In our empirical study, we consider U.S. panel data consisting of 9 financial and 13 macroeconomic monthly observable indicators. The nature of indicators suggests the consideration of two separate dynamic factor models. We also treat a joint dynamic factor model for all indicators. Estimated factors from the considered DFMs are used to model returns of 35 industrial stocks from S&P500. Then, factors’ predictions from different models spanning almost 11 years are employed for portfolio optimization in the mean-variance framework.

Our main contribution is a performance improvement of portfolios based on DFMs. For this, we propose to capture the dependence structure of filtered factors from DFMs with a COPAR model. This allows us to sample factor forecasts from the estimated COPAR model conditionally on past values of estimated factors. The gained factor predictions are then utilized to construct an optimal mean-variance portfolio. Thus, we compare the COPAR-based portfolio with two portfolios derived from DFMs, as well as with the classical mean-variance approach utilizing empirical means and covariance matrices. For the considered panel data and industrial stocks, we observe the outperformance of the COPAR portfolio in terms of the total return, the Sharpe and Omega ratio.
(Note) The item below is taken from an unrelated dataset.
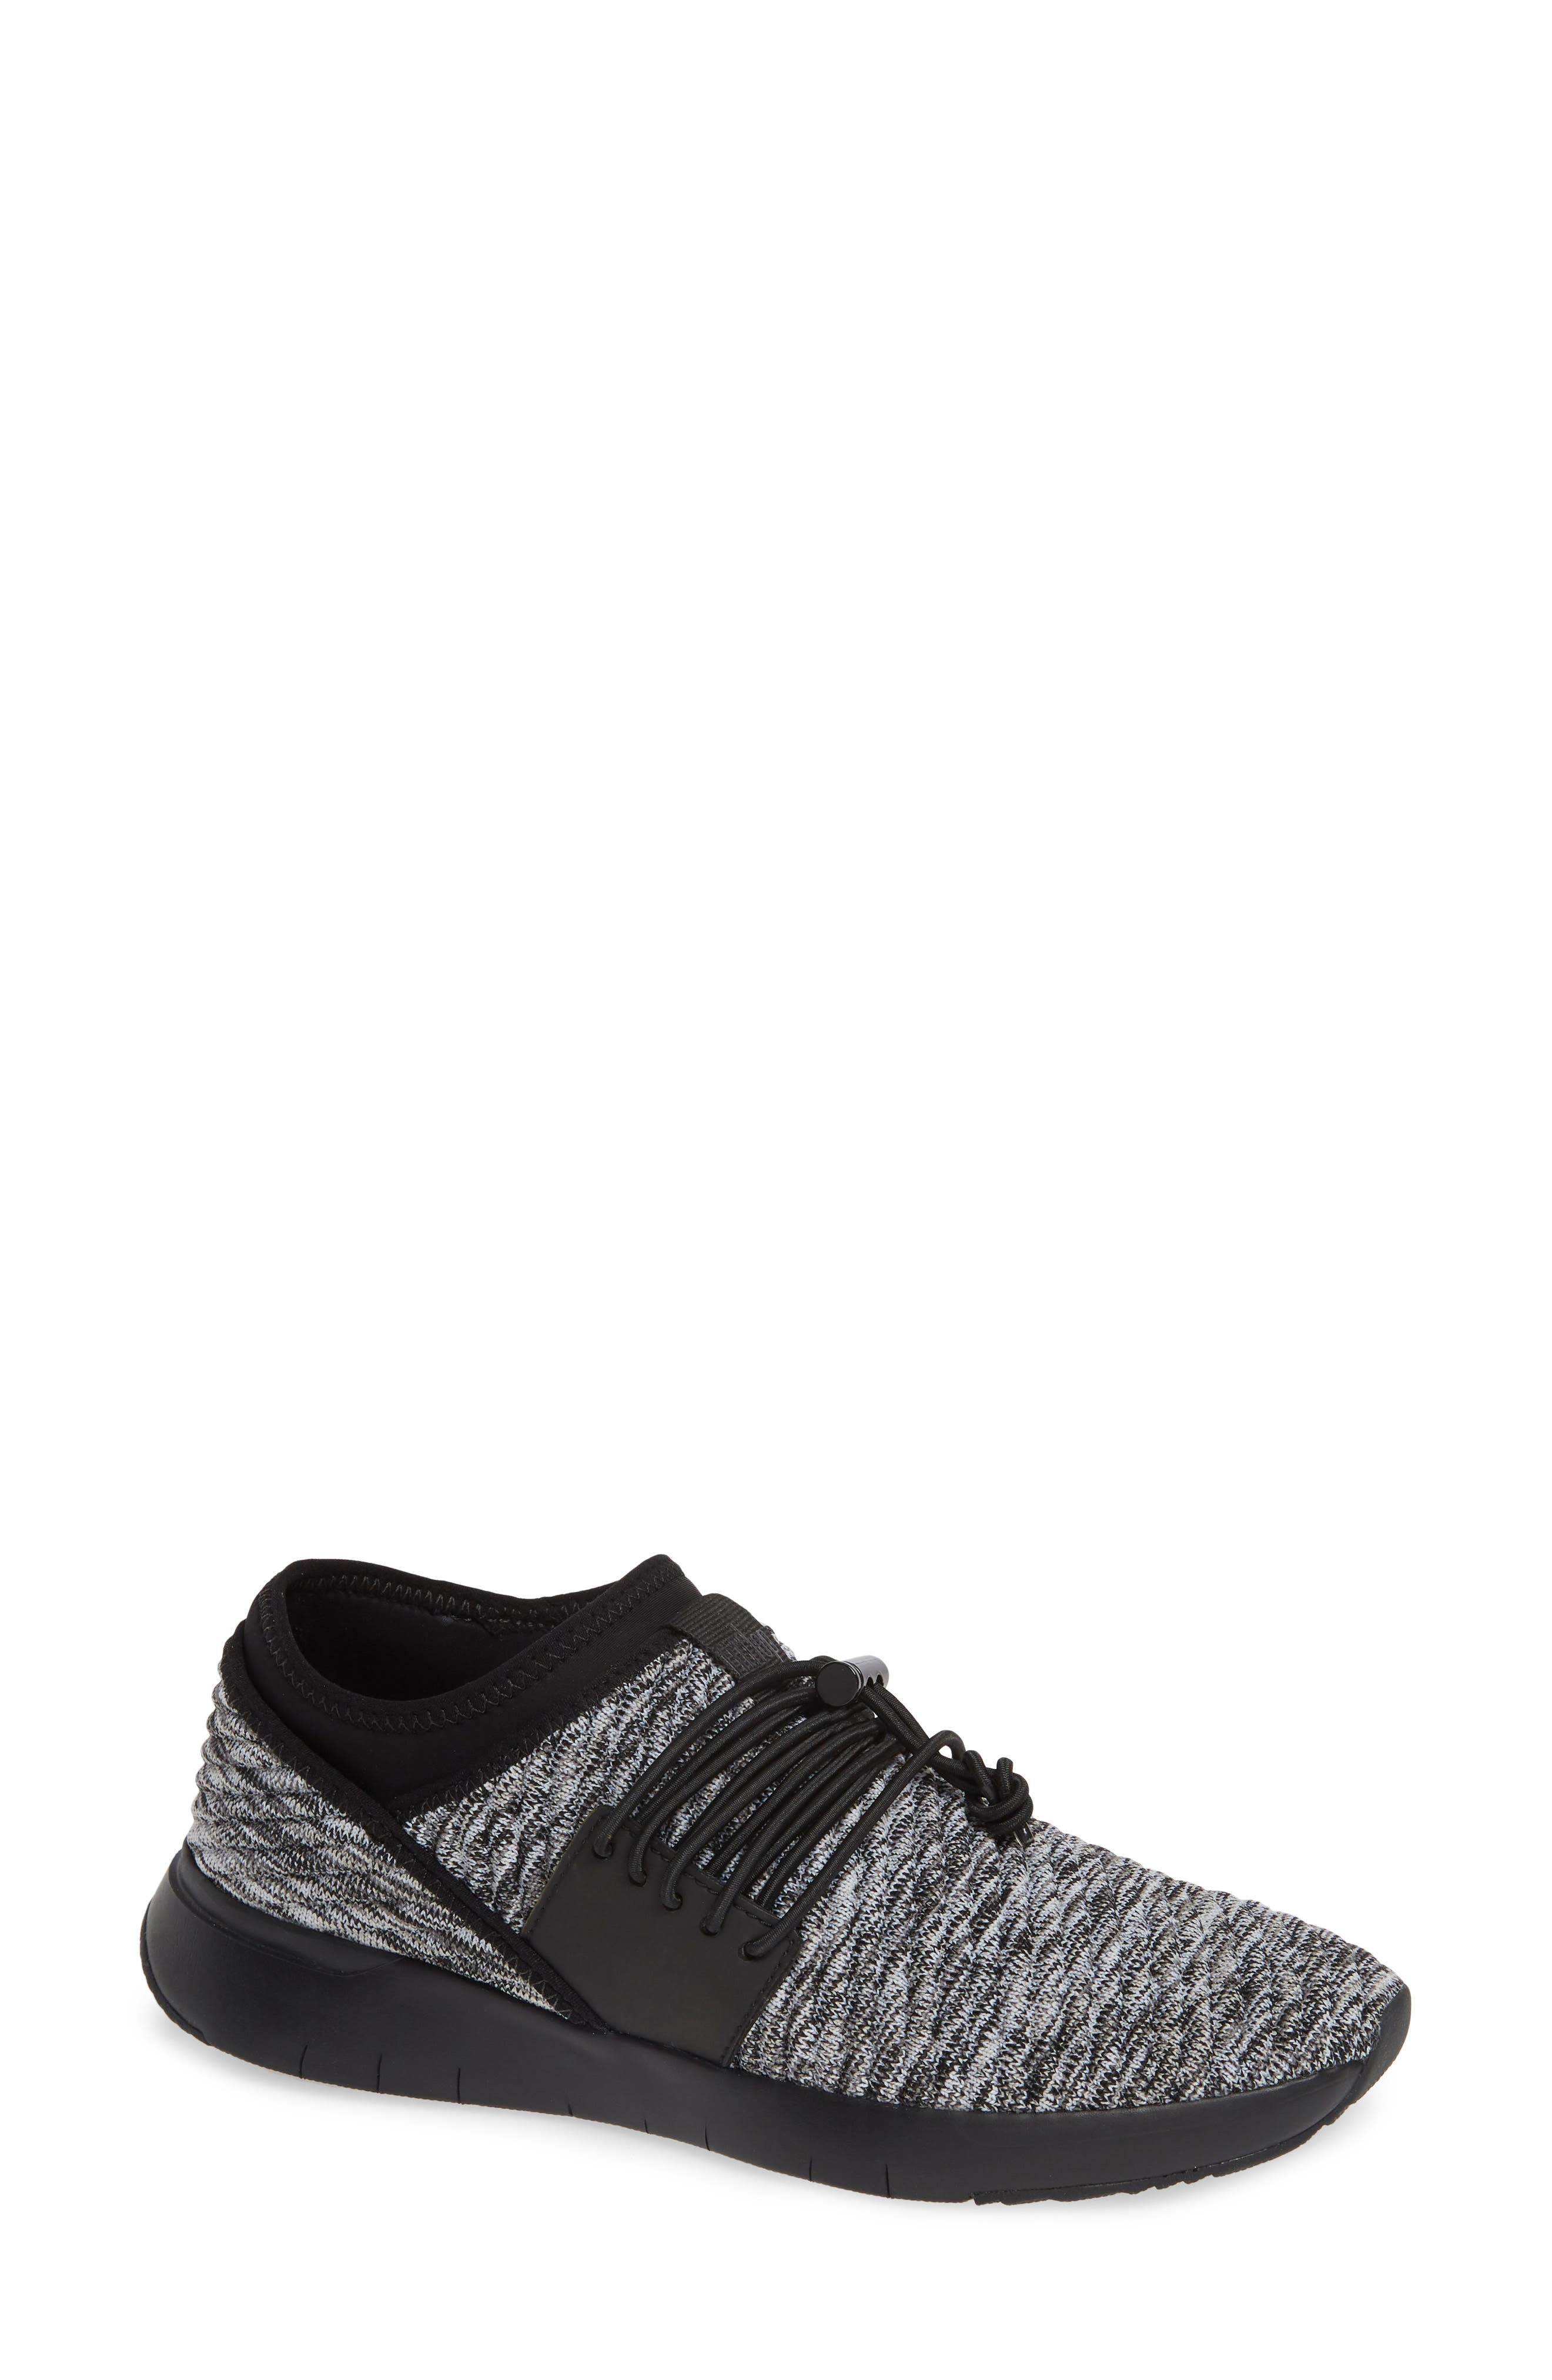 FITFLOP Artknit Sock Sneaker, Main, color, 017

The superiority of the COPAR-portfolio in terms of the Sharpe ratio is even statistically significant for several portfolio comparisons.
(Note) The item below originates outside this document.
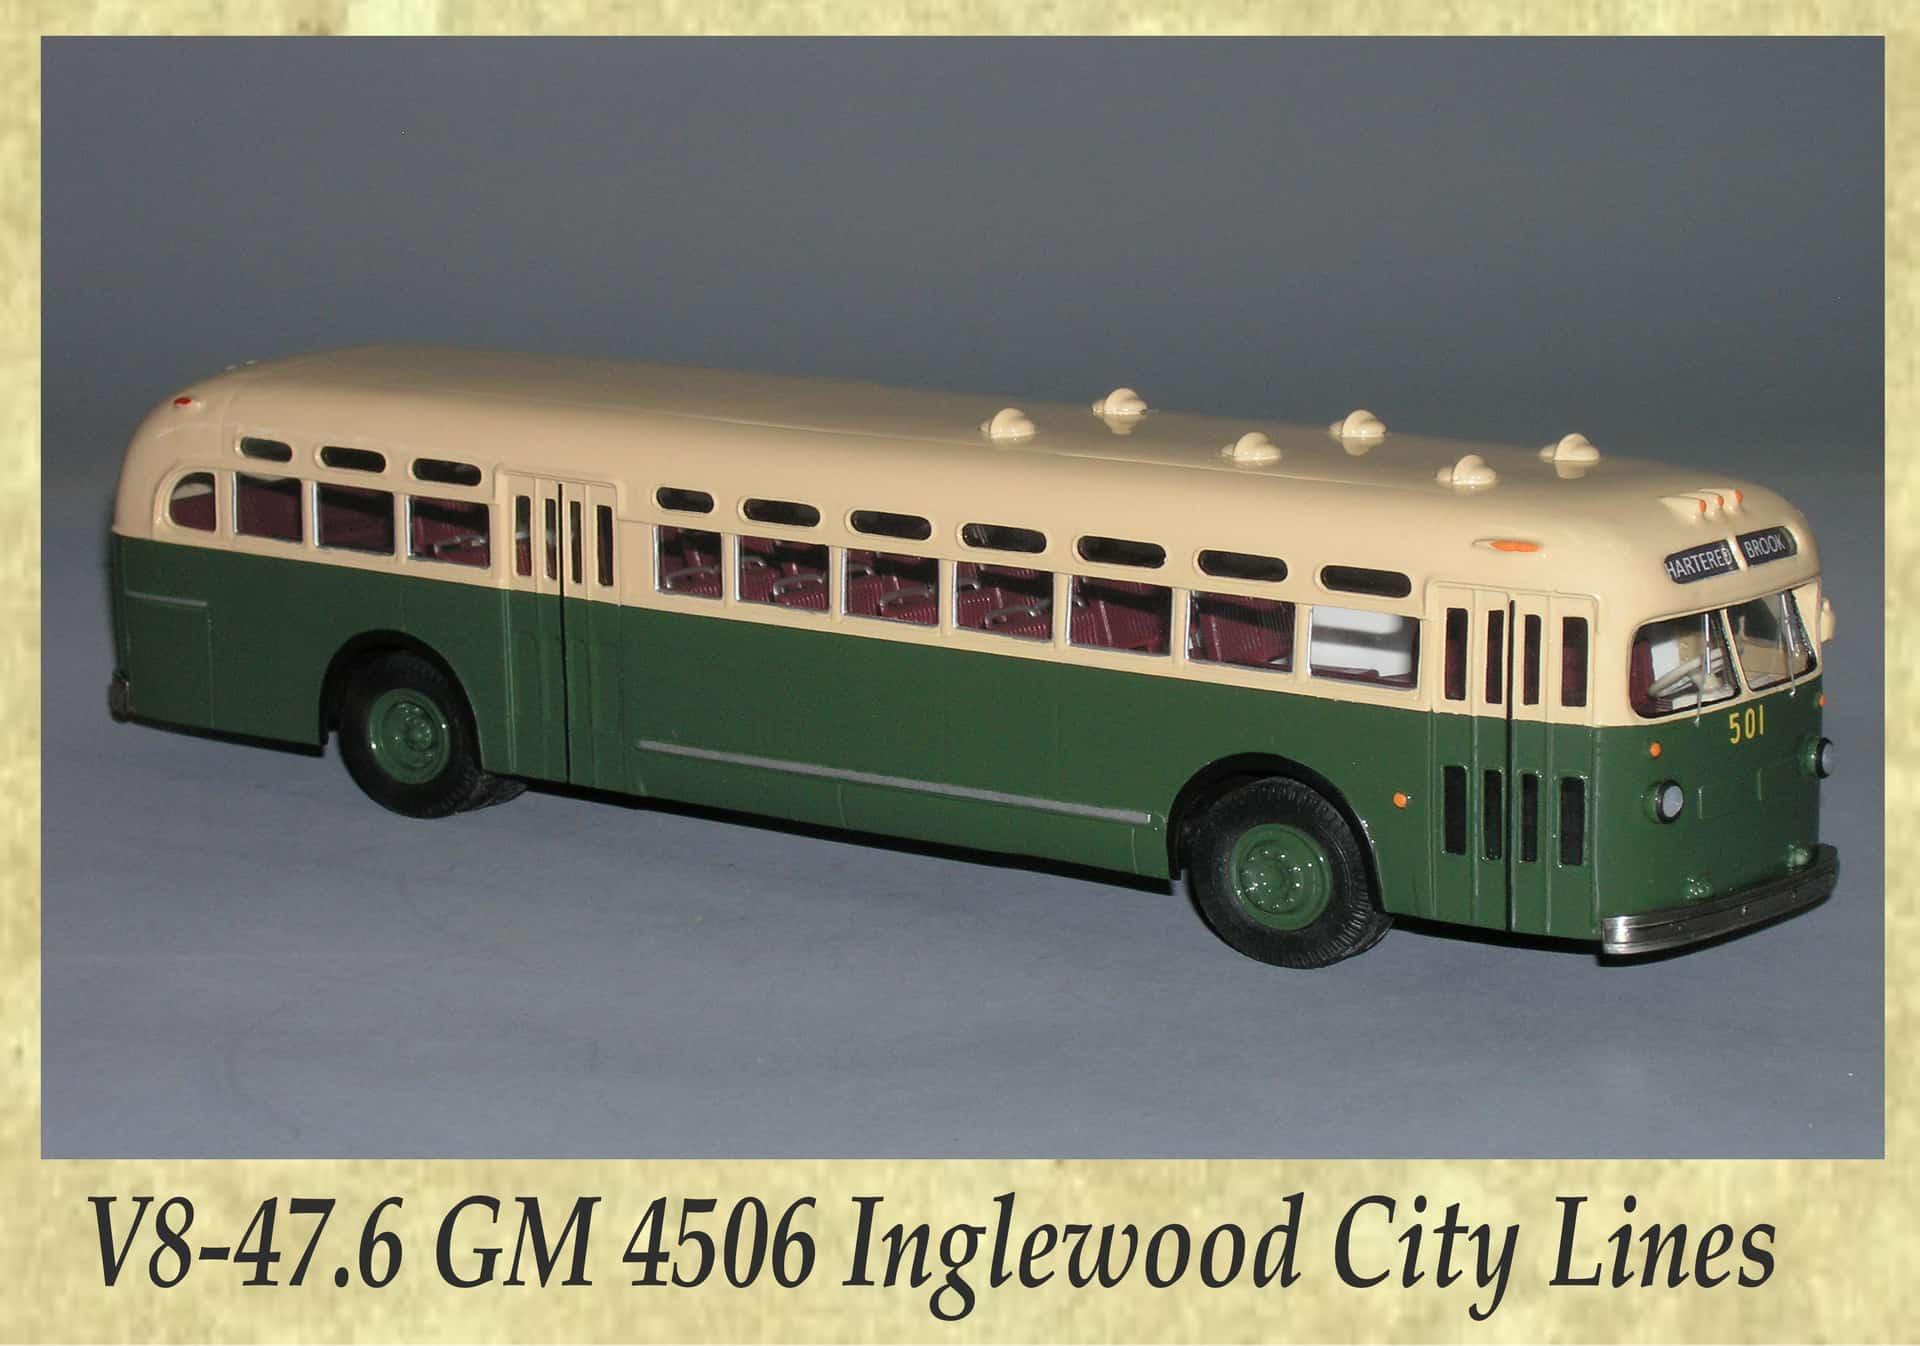 V8-47.6 GM 4506 Inglewood City Lines

A possible improvement of the proposed approach is its extension with a model selection criterion for a general R-vine, which best captures the cross-sectional and temporal dependence. Thus, one departs from the COPAR model and generalizes it as well as the copula based multivariate time series models of Beare and Seo (2015) and Smith (2015). In general, one can completely revise our approach and alternatively develop dynamic versions of copula factor models as proposed by Krupskii and Joe (2013) and Oh and Patton (2017) for iid data. The first methodology in this direction is provided by Oh and Patton (2016), who capture cross-sectional dependence with time-varying copulas. These points are the subject of further research.

Acknowledgments

The authors want to thank the editor and the anonymous reviewers for their very helpful suggestions, which contributed essentially to the improvement of our manuscript. We are also obliged to Eike Brechmann, who kindly provided R-code for COPAR model, which served as an inspiration for computer implementation of this paper. Franz Ramsauer gratefully acknowledges the support of Pioneer Investments during his doctoral phase. Eugen Ivanov gratefully acknowledges the support of Deutsche Forschungsgemeinschaft during his doctoral phase. The authors also express gratitude to Leibniz-Rechenzentrum for providing computational resources and assistance.

Author Contributions

Eugen Ivanov, Aleksey Min and Franz Ramsauer analyzed the data, constructed the model and designed the estimation procedure. Asset allocation procedure based on dynamical factor models is proposed by Franz Ramsauer. Eugen Ivanov and Franz Ramsauer performed the complete computational implementation. All three authors wrote the paper.

Conflicts of Interest

The authors declare no conflict of interest. The sponsors had no role in the design of the study, in the collection, analyses, or interpretation of data, in the writing of the manuscript, and in the decision to publish the results.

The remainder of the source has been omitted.